Monday, 18 August 2014

The Islamic State: Climate Change, Terror and the Making of a Caliphate.

The Caliphate ( Islamic State ), established and centred on Raqqa in Syria, does clearly have its origins on uneducated mosque imams contantly extolling the Caliphate as a symbol of a lost spritual and political realm towards which Sunni Muslims should aspire and realise through jihad.

Syrian writer Hassan Hassan cites the Syrian cleric Mohammed Habash claiming "Isis did not arrive from Mars; it is a natural product of our retrograde discourse." and while that is true, the sad reality is that it has caught on because of a civilisational crisis in this part of the Middle East that has induced it.

One thing that comes across from Vice News's report 'Spread of the Caliphate' is that the foot soldiers of IS are both brutal and banal, largely semi-educated men all the more dangerous for the indoctrinated certitude with which they assert their credo that they are on a roll and shall follow God until victory is assured.

The ISIS jihadists are in for the long game, indoctrinating and grooming the children to become future warriors as the only way for the Caliphate to survive and strive forth towards its destiny of creating some sort of pure community that is uncontaminated by enemy influences from without and within.

If they were not so deadly, their corny attempts at piety would be entirely laughable as opposed to merely contemptible. Hence the point of their headless corpses strewn across pavements and sticking heads on spikes is meant to give the impression that they are, in fact, very serious.

The aim is to spread the Caliphate out, kill or convert the Infidel ( or with Christians make them pay a tax ) and to be part of God's project as it unfolds and is realised. Women are to be nowhere seen on the streets of Raqqa. Jihadists previously living in Europe claimed they left the girls behind for the cause.

Women need to be properly concealed in order to thereby maintain the fundamental purity of the Caliphate from within, the better to make it more ferocious and formidable without against Indidels and Hypocrites ( secular Arabs). It says so, they claim, in the Qu'ran.

This myth of the return of the Caliphate is one held on to by the simple minded but it could only spread in the conditions of lawless chaos of the sort that existed in Afghanistan in the 1990s. ISIS is similar to both the Taliban and Al Qaida but this time rolled into one-and with control over lots of oil resources.

IS is selling crude oil on the international black market, something even reported to be reducing oil prices. It is making $1 million a day from the sale and the rush of adrenalin from that and the prospect of using revenues to expand their Caliphate is causing millennial style fervour.
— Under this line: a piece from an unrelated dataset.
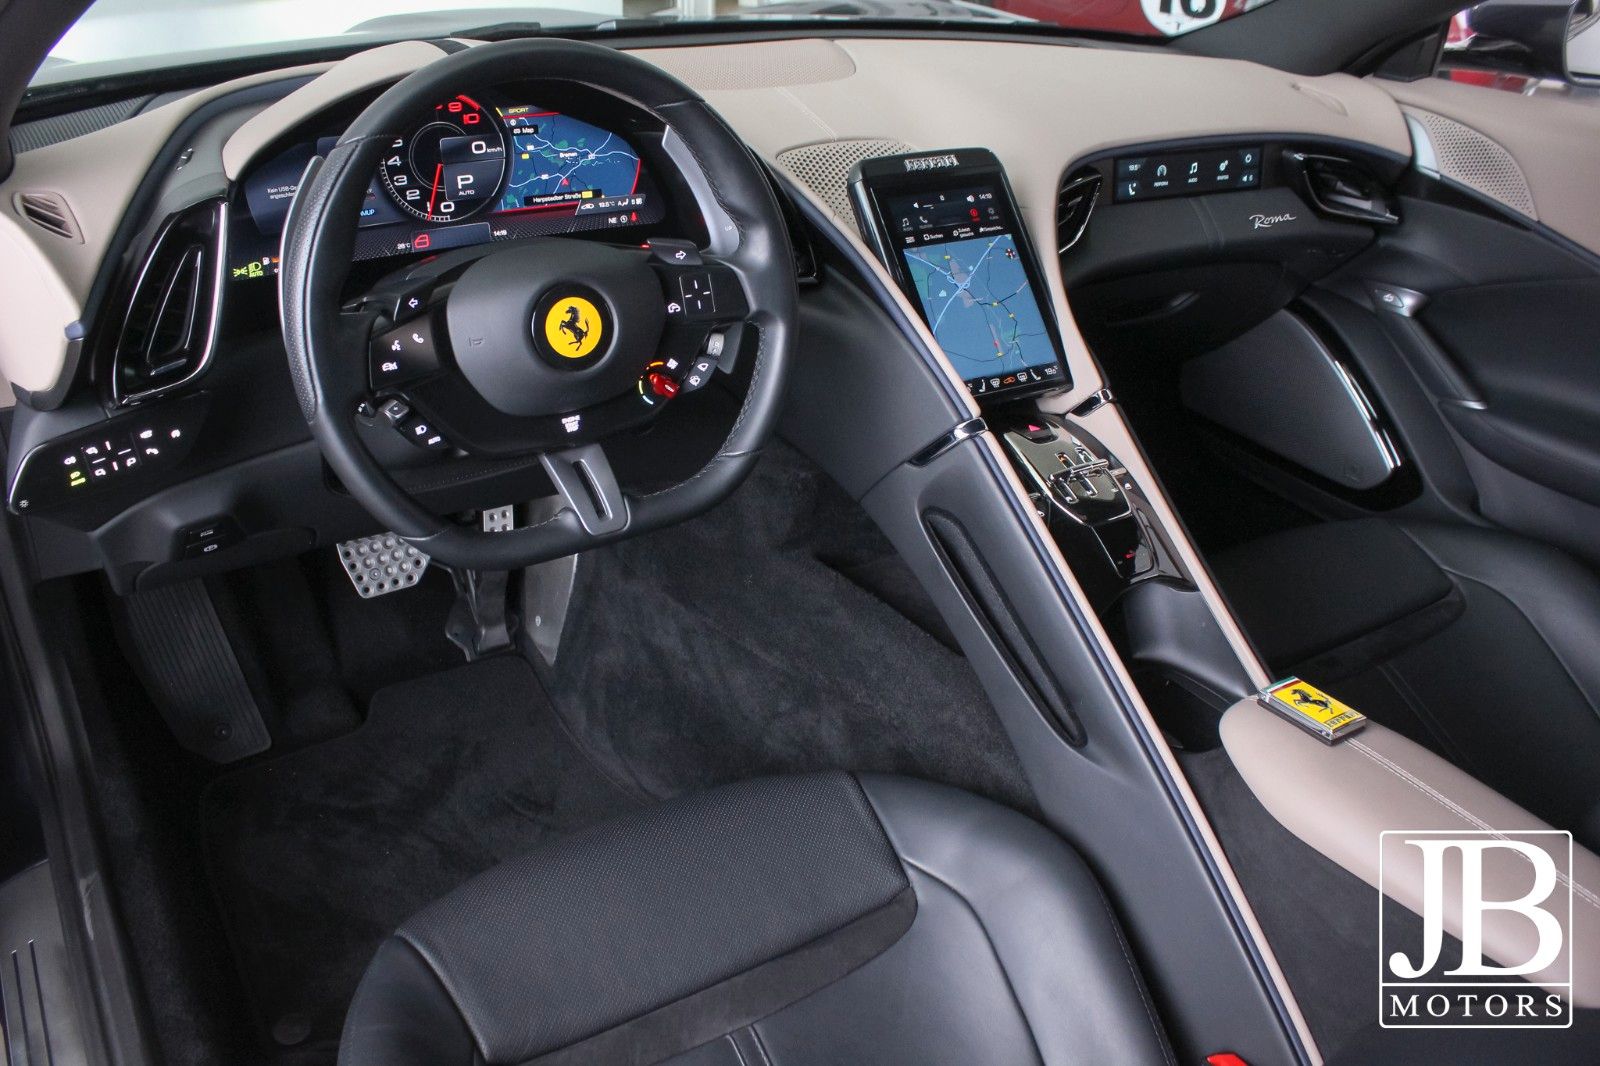 Fahrzeugabbildung Ferrari Roma Beifahrer Display Surround View Kamera JBL
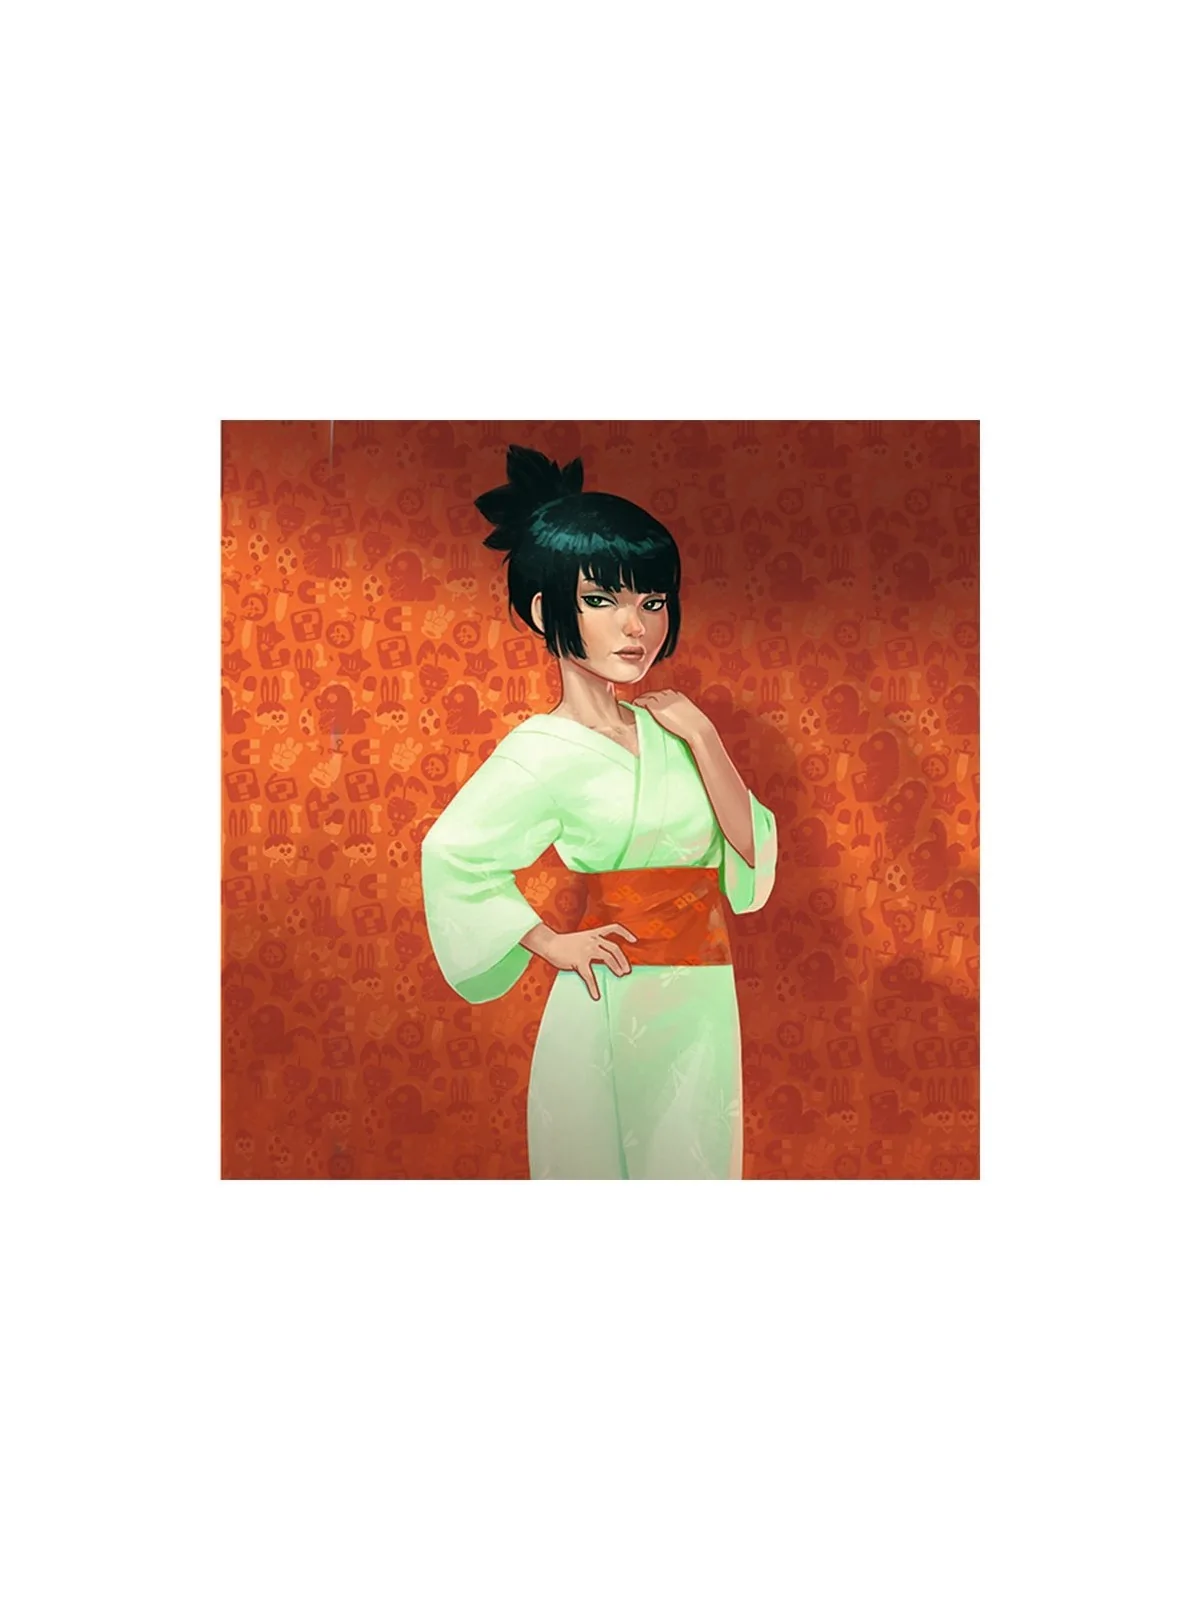 Comprar Kimono barato al mejor precio 17,96 € de SD GAMES

The support among Sunni Arabs for this is based on a revolt of those living in lands where crop failure, desertification, drought and having been pushed out of ant prospect of adequate poliitical representation in either Syria or Iraq has led to the Caliphate as a "solution" to all earthly evils.

The Sunni Arab zone in northern Syria and Iraq is trapped between other regions with far more resources both as regards the vast majority of the oil wealth ( which lie in the Kurdish regions to the east ) and those absolutely vital to life such as water. Iraq is a resource war over oil and water.

The River Euphrates drying up as a consequence of climate change, decreasing precipitation and increasingly hot summers. Turkey was alleged to have reduced supplies along the Euphrates upstream. That makes the necessity to spread the war as far as possible even more 'vital'.

So many Sunni Arabs in Iraq have come to believe nothing to lose by aligning with a pyschopathological group that asserts their interests as against the Kurds, Turks, and Shi'ites. IS attempted to take the Mosul dam so as to have control over electricity and water: this is a resource war.

The cause of jihad is precisely what they have to sustain them both materially and in hope of regaining the dominance Sunni Muslims once had in the region more generally and in Iraq, in particular, under Saddam Hussein who used to use control over the water supply as a tool of control over the Shi'ite south.

Evidently, IS pursues policies that are evil and mad but there is, beyond evident sadistic cruelty and pleasure in murdering Infidels and Hypocrites, a method and motive to the madness and mayhem and the clear intention to instil terror and utter fear. They need to be taken seriously.

If Iraq and Syria were to break up, it is difficult to see how there could be a secure and viable state for Sunni Arabs as that would depend on the wars in both states having any prospect of ending. And so IS is taking the destiny of Sunni Muslims into its own hands, destroying the Sykes-Picot borders of 1916.

ISIS is an outgrowth of failed attempts to back Sunni forces by the Saudis as a check on Iranian influence in Syria, the idea of Sunni persecution and yet historical superiority, myths of the Caliphate and the collapse of Syrian and Iraqi Sunni regions especially through climate change and war.